[Aim of the task] Within the entries below, please retype exactly the lines starting with the line that has "[Cue and Cue]" and going on through the line that has "Geeks Who Drink", but not the pictures.

*** Opening of Records to use ***

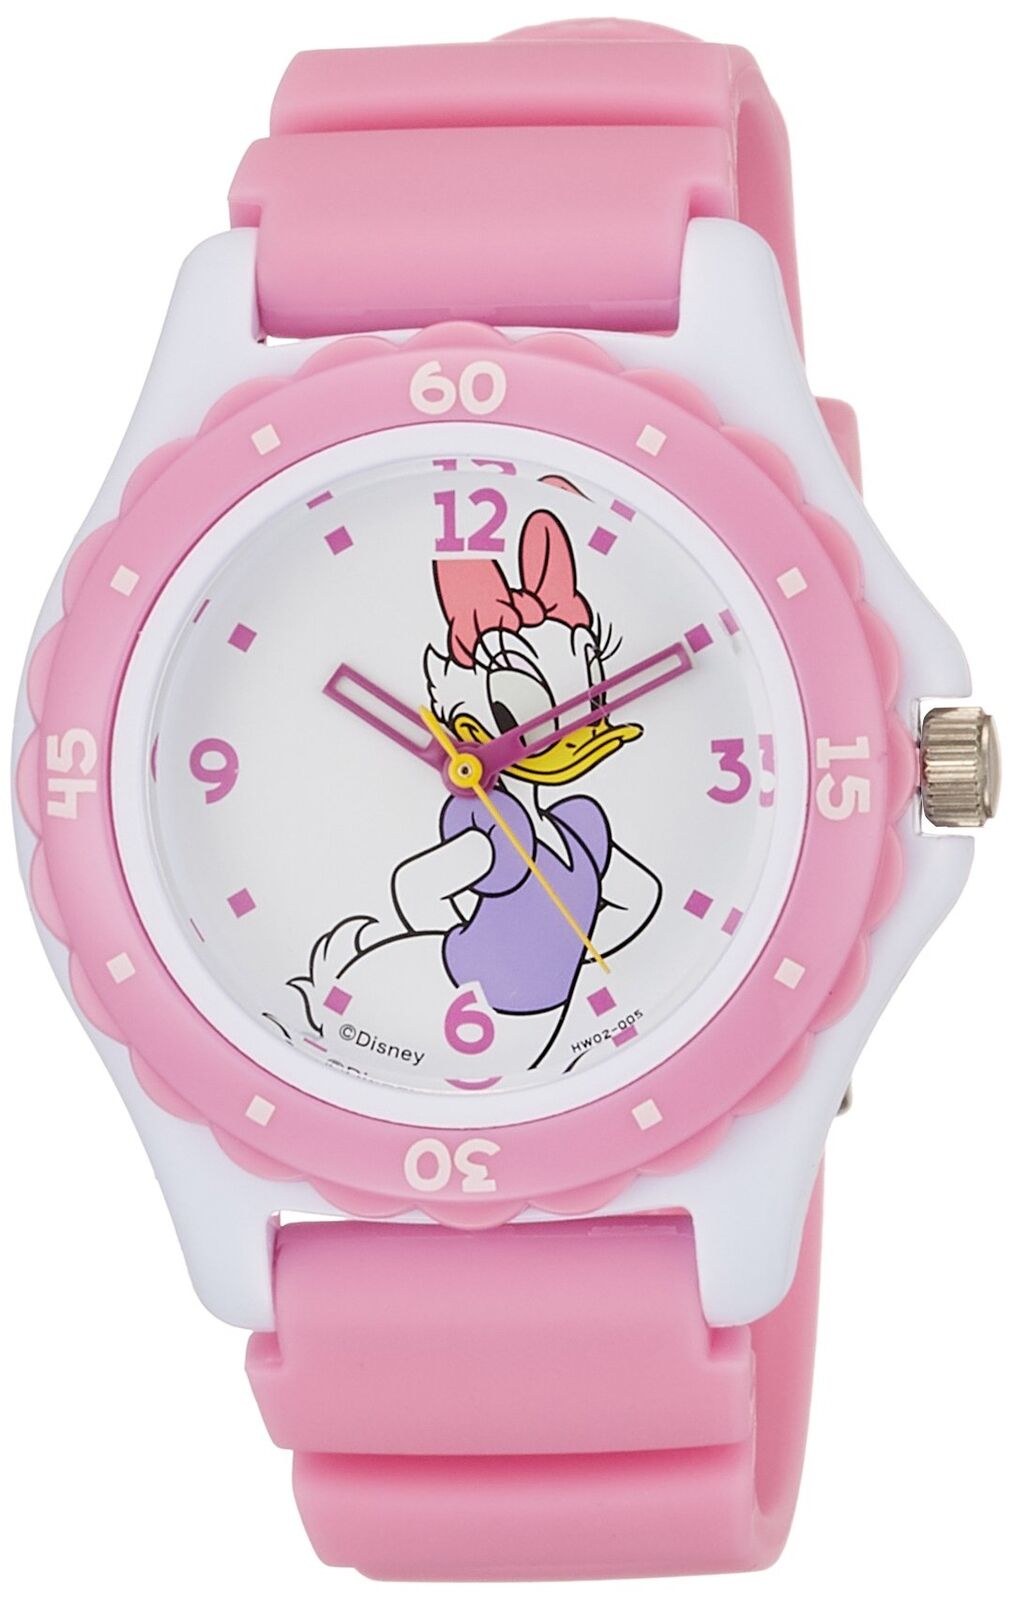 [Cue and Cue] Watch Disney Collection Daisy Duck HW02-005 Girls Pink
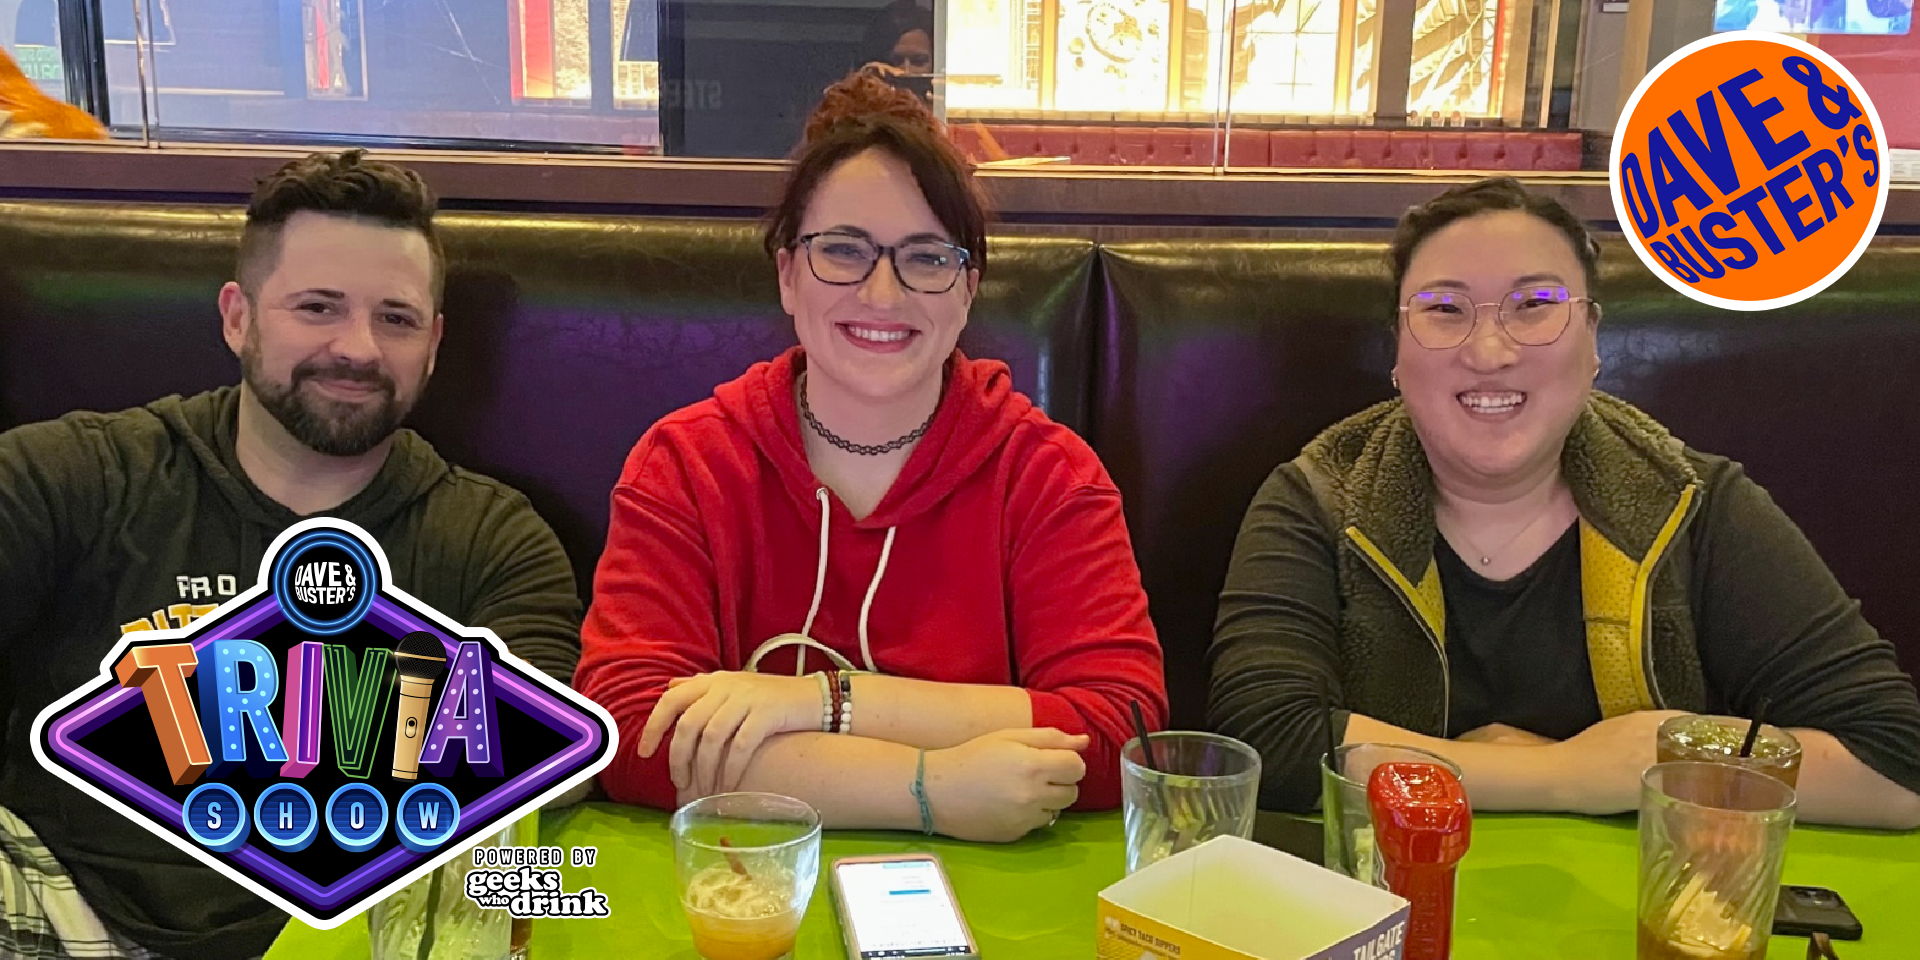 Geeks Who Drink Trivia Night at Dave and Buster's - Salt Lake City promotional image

*** Close of Records to use ***
*** Opening of Records to use ***

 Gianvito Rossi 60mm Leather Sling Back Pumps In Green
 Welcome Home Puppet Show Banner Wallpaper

*** Close of Records to use ***

[Expected answer]
 [Cue and Cue] Watch Disney Collection Daisy Duck HW02-005 Girls Pink
 Geeks Who Drink Trivia Night at Dave and Buster's - Salt Lake City promotional image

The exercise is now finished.